== About this exercise ==
Print the data that follows word for word, leaving out any picture.

== Exercise data ==

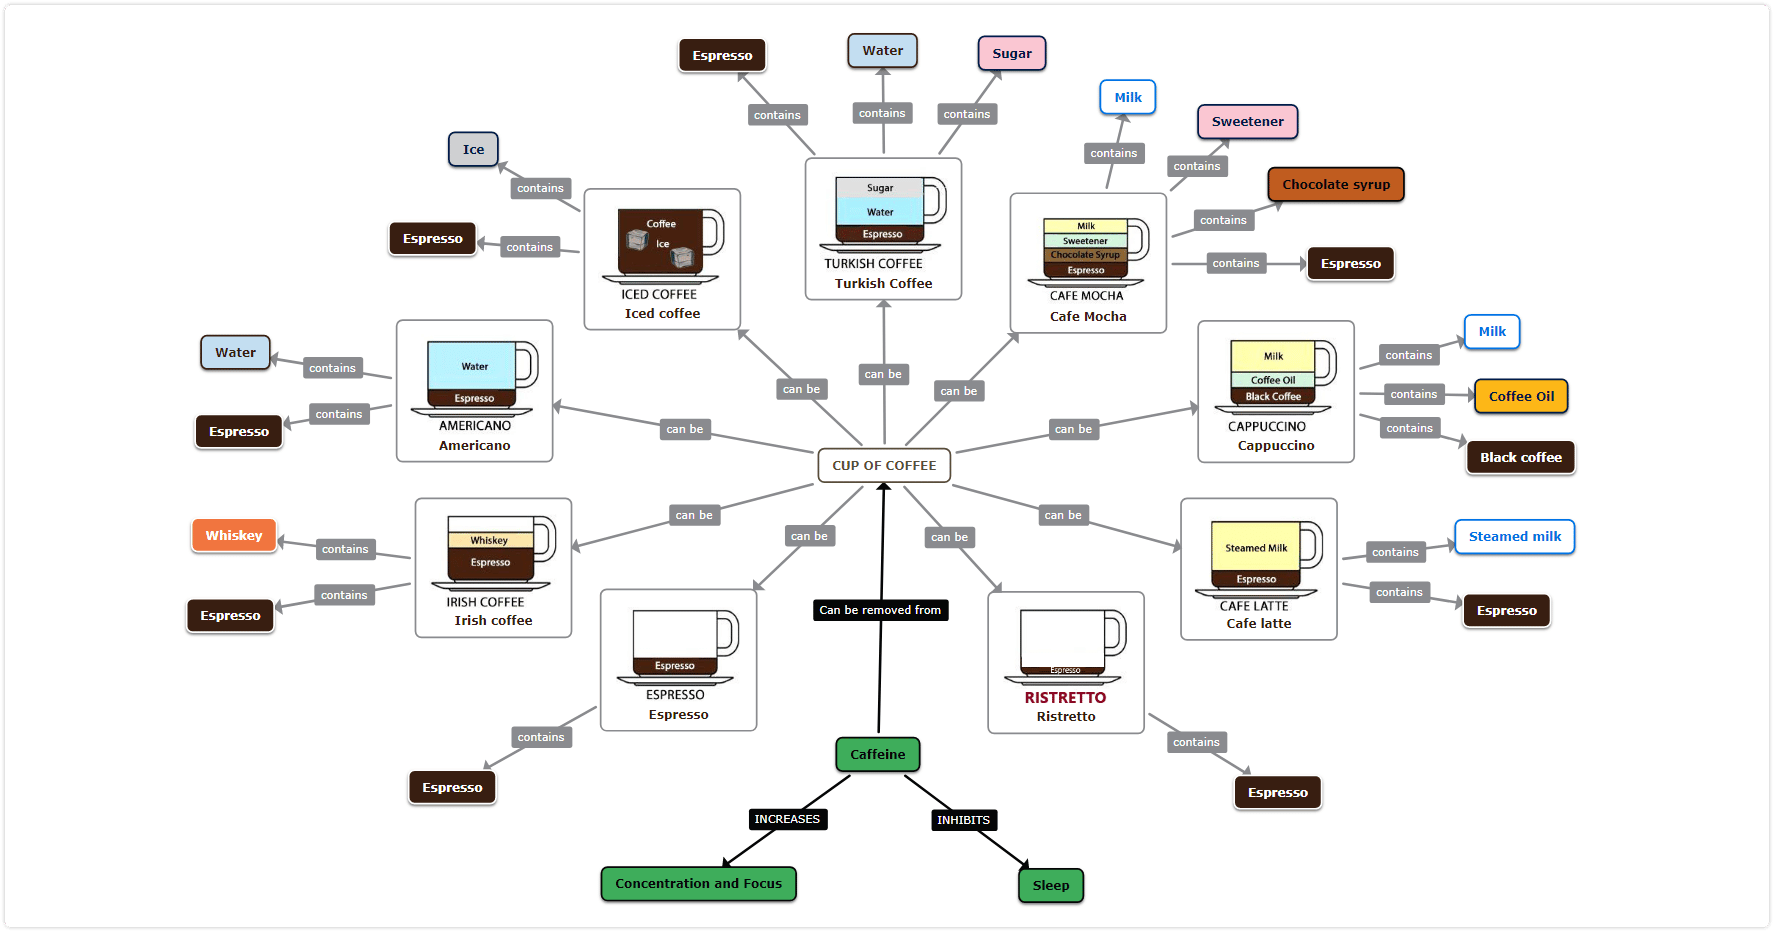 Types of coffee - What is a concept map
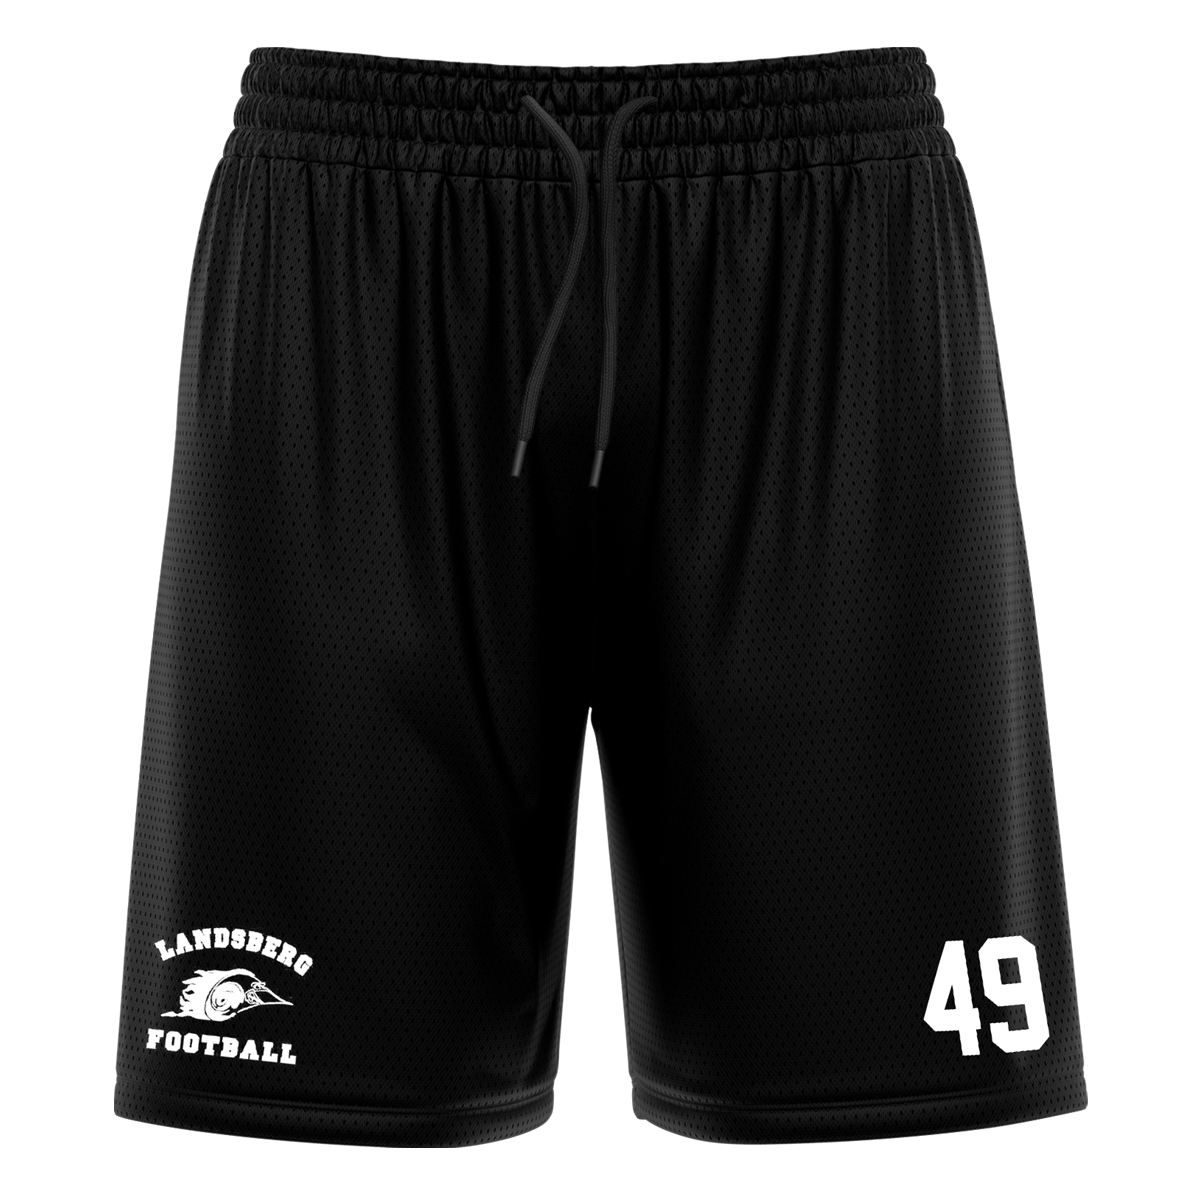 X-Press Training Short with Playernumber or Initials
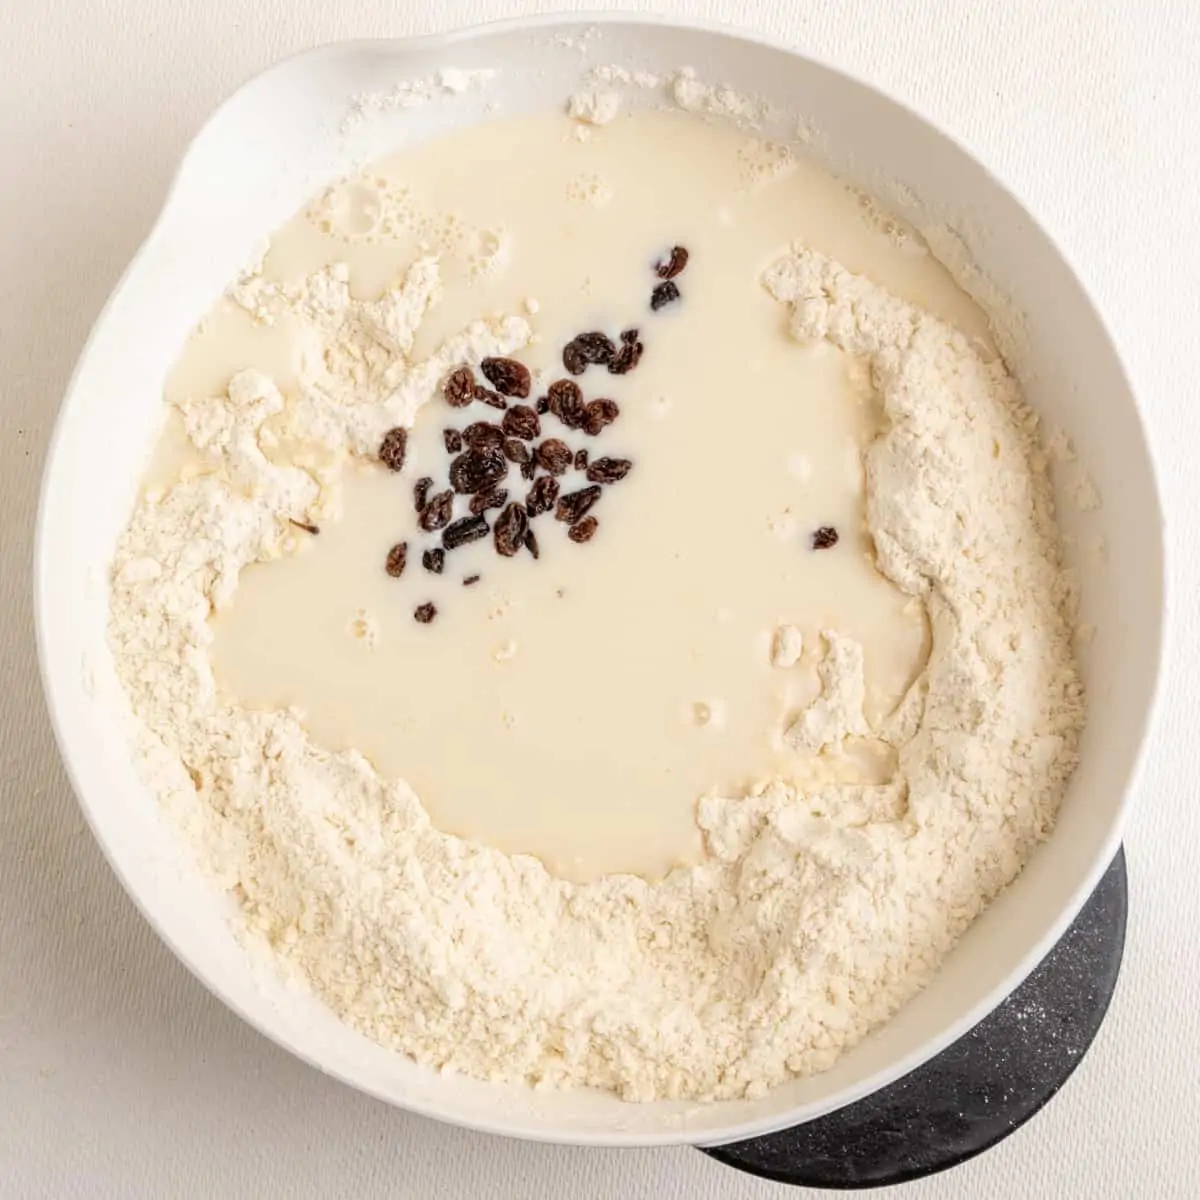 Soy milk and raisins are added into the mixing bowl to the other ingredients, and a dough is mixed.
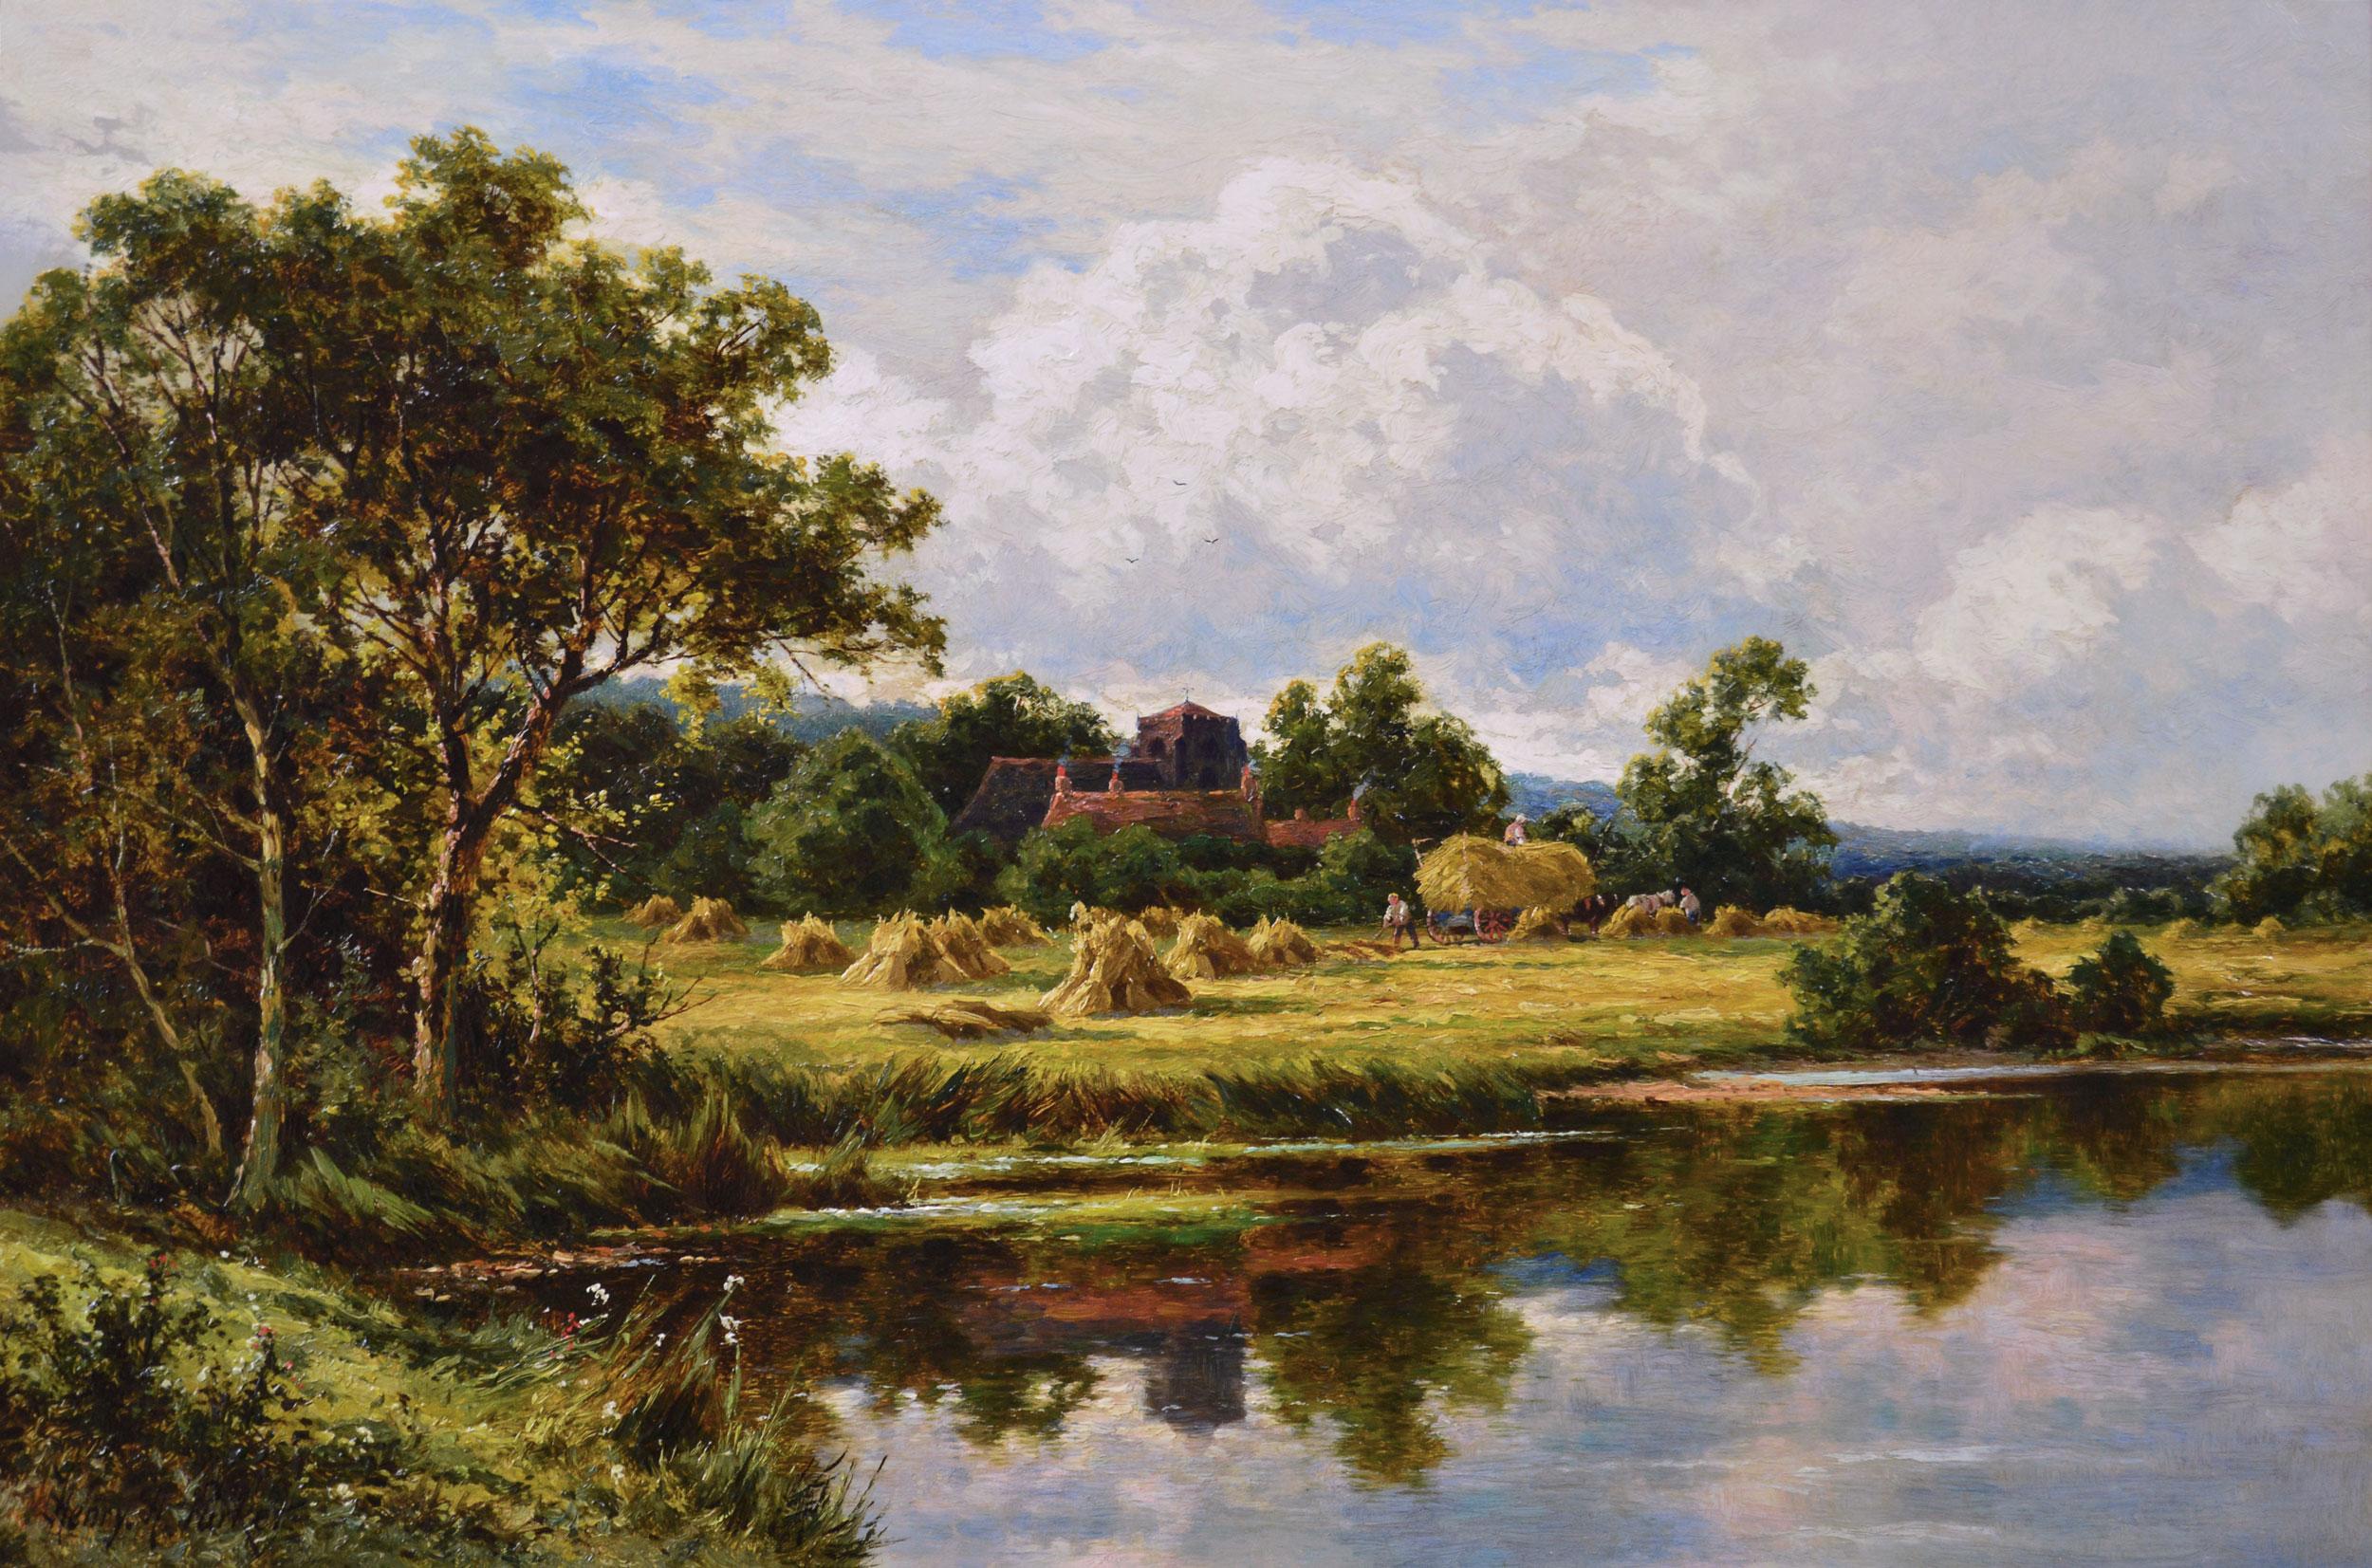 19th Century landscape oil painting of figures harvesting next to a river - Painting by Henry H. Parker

== Result ==
 Types of coffee - What is a concept map
 X-Press Training Short with Playernumber or Initials
 Soy milk and raisins are added into the mixing bowl to the other ingredients, and a dough is mixed.
 19th Century landscape oil painting of figures harvesting next to a river - Painting by Henry H. Parker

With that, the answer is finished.